By Carly Masucci, Market Manager, East Coast | October 25, 2017 | Posted in Chicago, Food and Drink, New York City, News, San Francisco, Washington

It is widely known that a great way to earn trust with your clients is to spend valuable face time with them. One sure-fire way to get on their calendar: take them to a critically acclaimed restaurant. Finding that perfect restaurant is made much easier thanks to resources like the esteemed Michelin Guide—the ultimate guide to the best restaurants in the world.

Now, you might be wondering, “What do tires have to do with critically acclaimed food?” Trust us, when we first got started in the biz, we were very curious too. But in doing some research, we discovered the story of how Michelin—a French tire company—became the authority on fine dining. It all centered around boosting automotive travel, thus encouraging tire sales, starting in the year 1900. And after we checked out a few Michelin starred restaurants over the years, we have have to say, the tire guys got it right.
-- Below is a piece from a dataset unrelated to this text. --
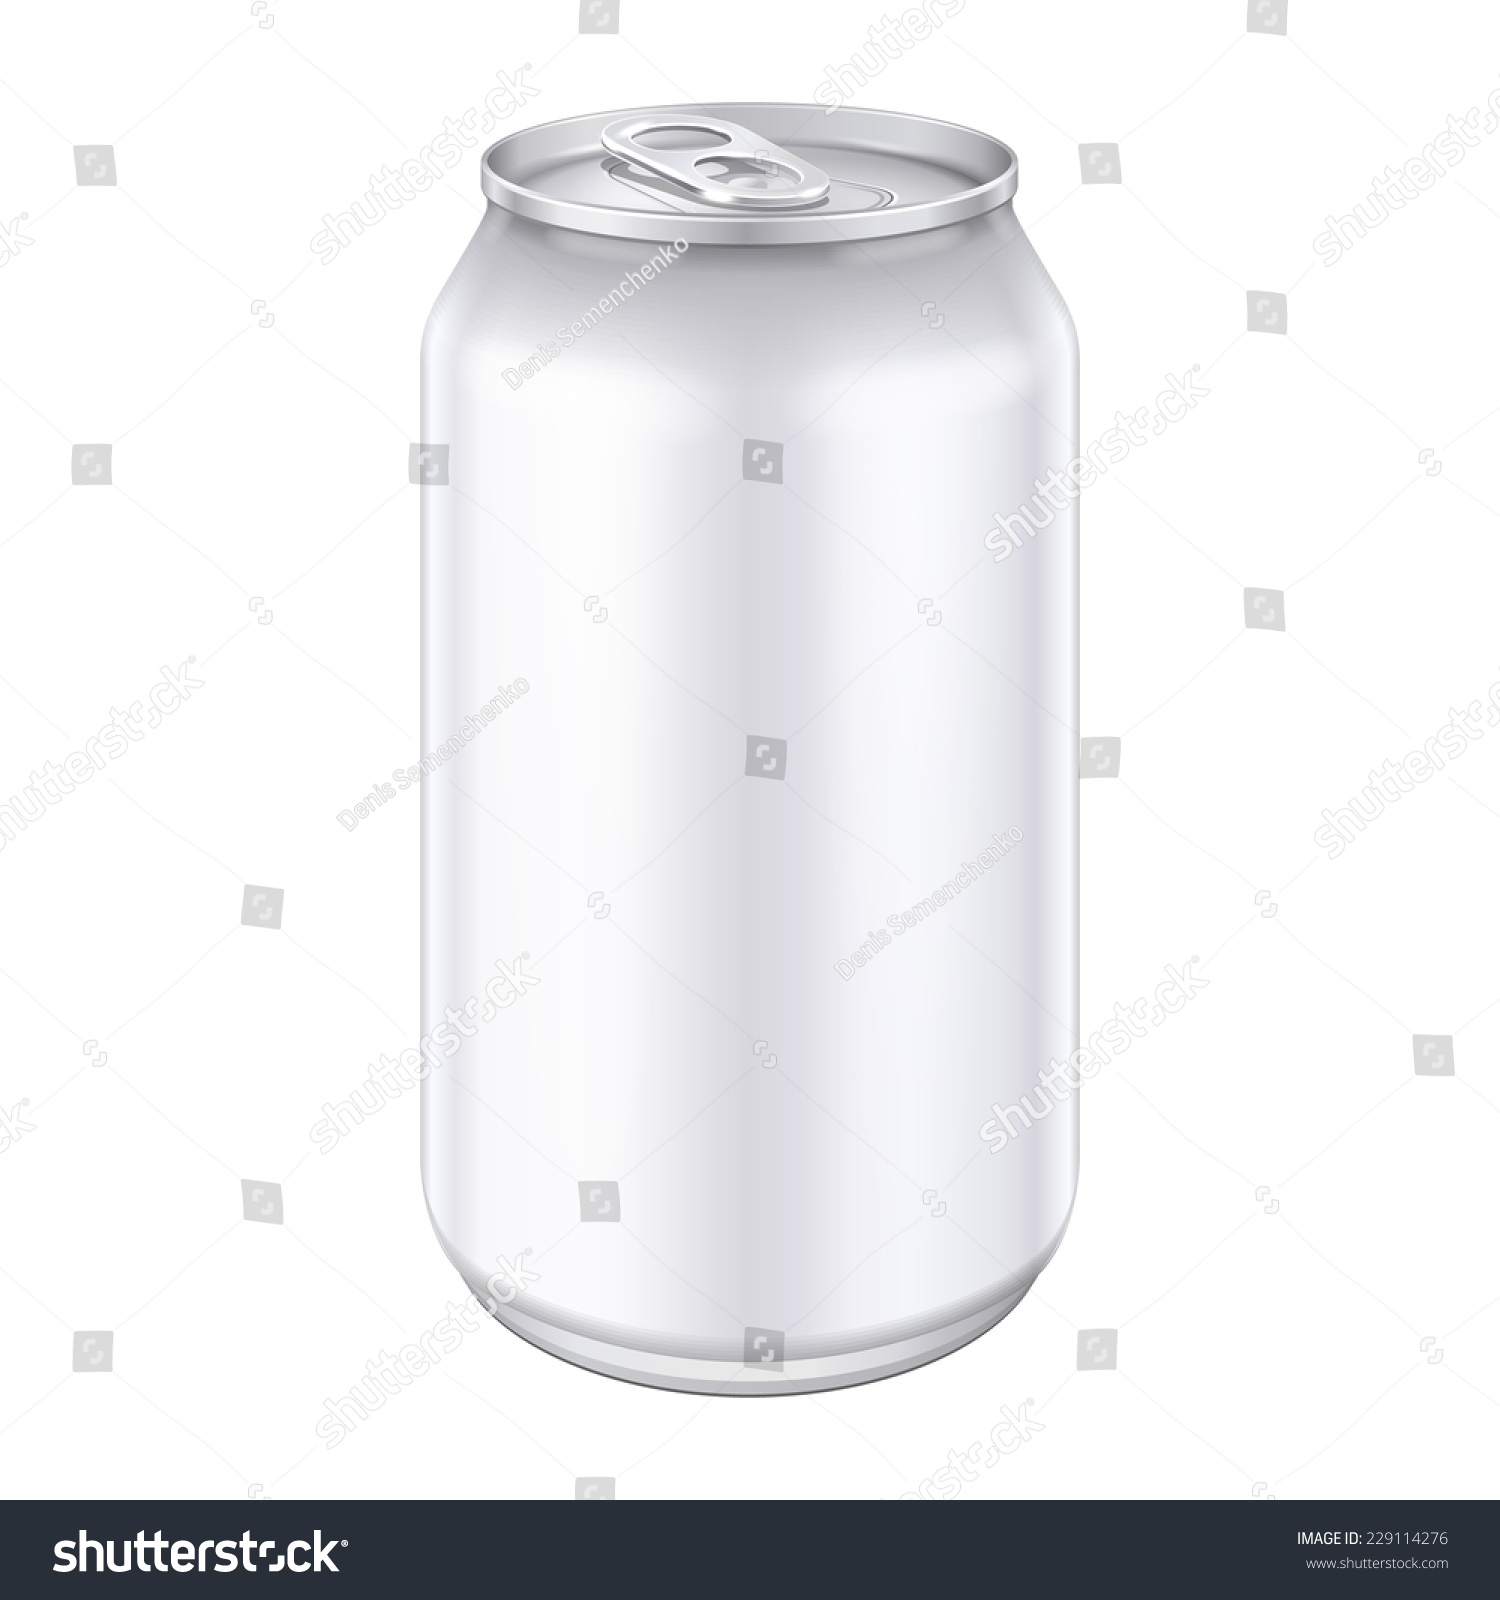 SVG of White Metal Aluminum Beverage Drink Can 330ml, 500ml. Mockup Template Ready For Your Design. Isolated On White Background. Product Packing. Vector EPS10 Product Packing Vector EPS10 svg
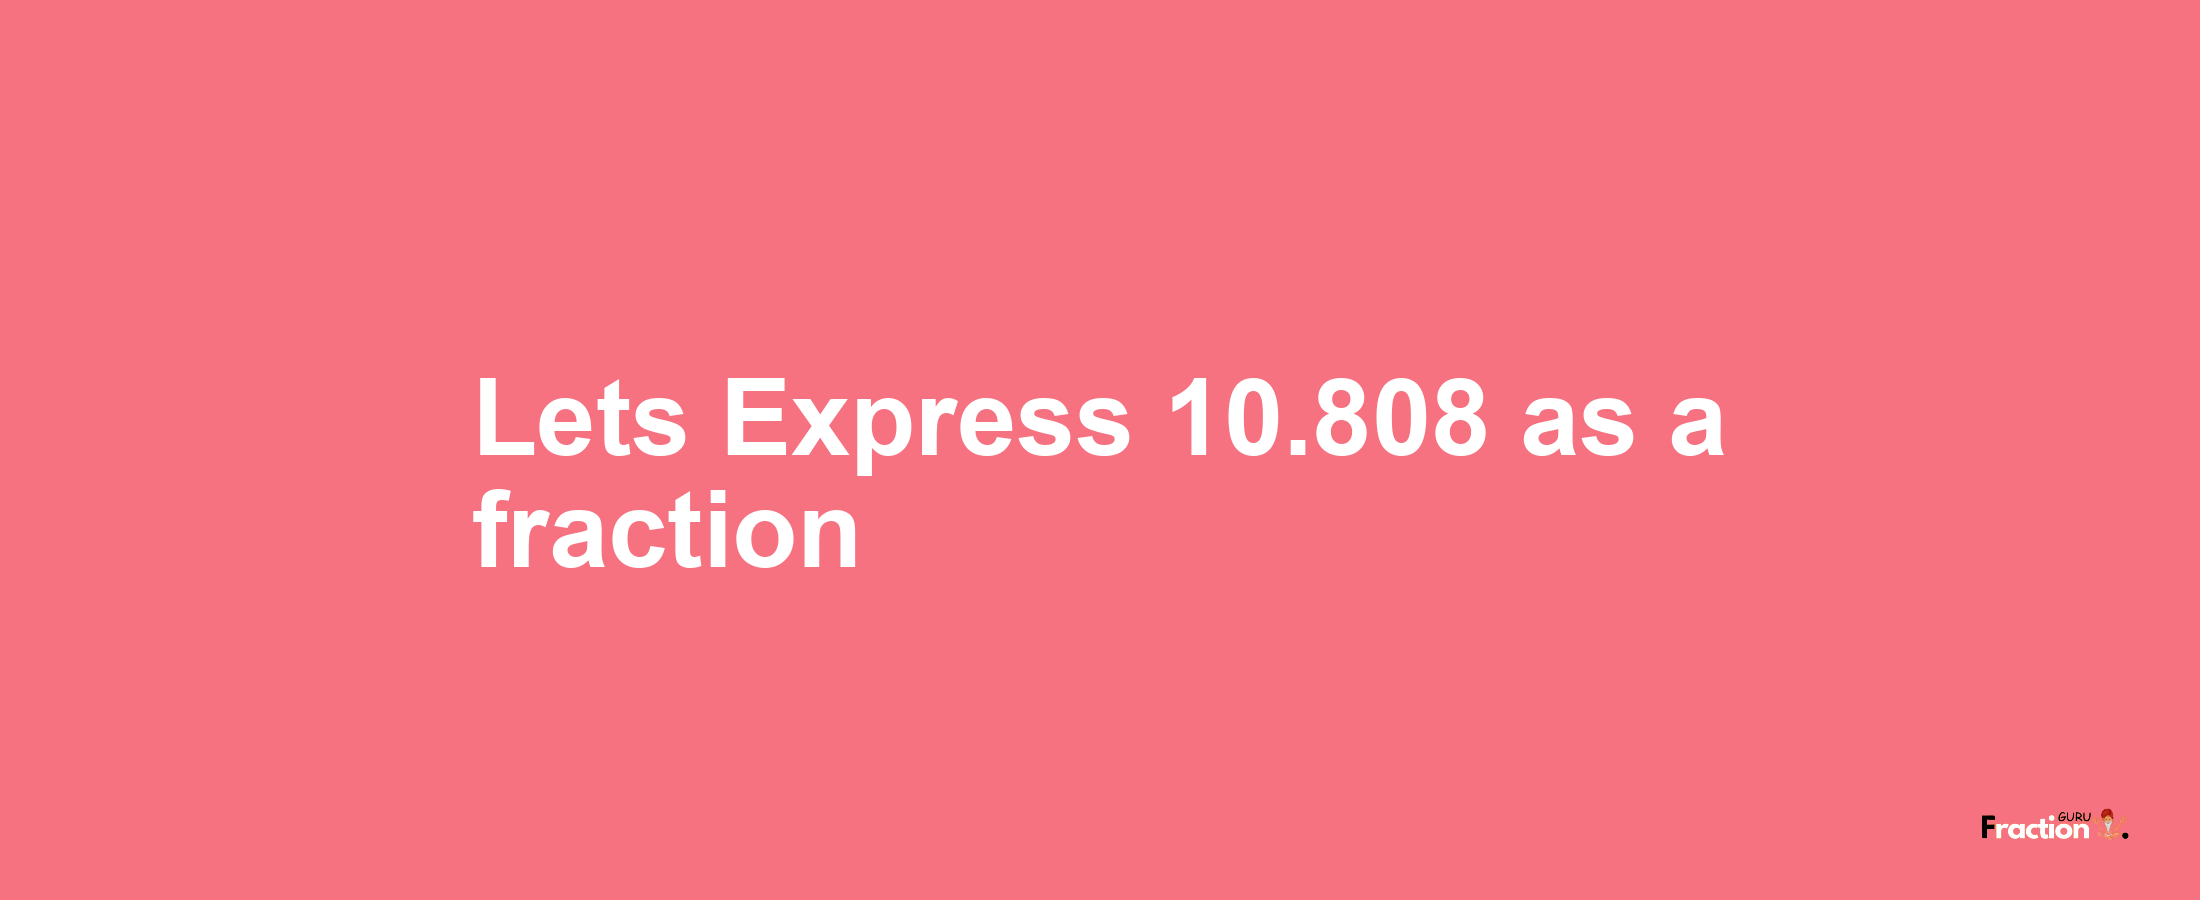 Lets Express 10.808 as afraction

A history of the Michelin Guide

In 1900, there were fewer than 3,000 cars on the roads in France. Édouard and André Michelin, brothers and tire manufacturers, wanted to boost the demand for cars and therefore tires. So they published the first-ever Michelin Guide—a guide for French motorists with maps, tire repair and replacement instructions, car mechanic listings, hotels and gas station locations throughout France. The Michelin brothers printed nearly 35,000 copies of this free guide. Four years later, the brothers published a similar guide in Belgium.

As the tire company grew, so did the Michelin Guide. The company printed different editions for countries across Europe. And in 1926, the guide focused in on the industry that makes it famous today—fine dining. Five years later, the company created a rating system, which represents how far you should travel to taste the restaurant’s cuisine.

The rating system

  • One Michelin star: “A very good restaurant in its category”
  • Two Michelin stars: “Excellent cooking, worth a detour”
  • Three Michelin stars: “Exceptional cuisine, worth a special journey”

That starring system is still used today, but the guides have expanded to North America, South America, Europe and Asia Pacific. In the U.S., Michelin Guides are released in New York, Chicago, San Francisco and Washington, D.C.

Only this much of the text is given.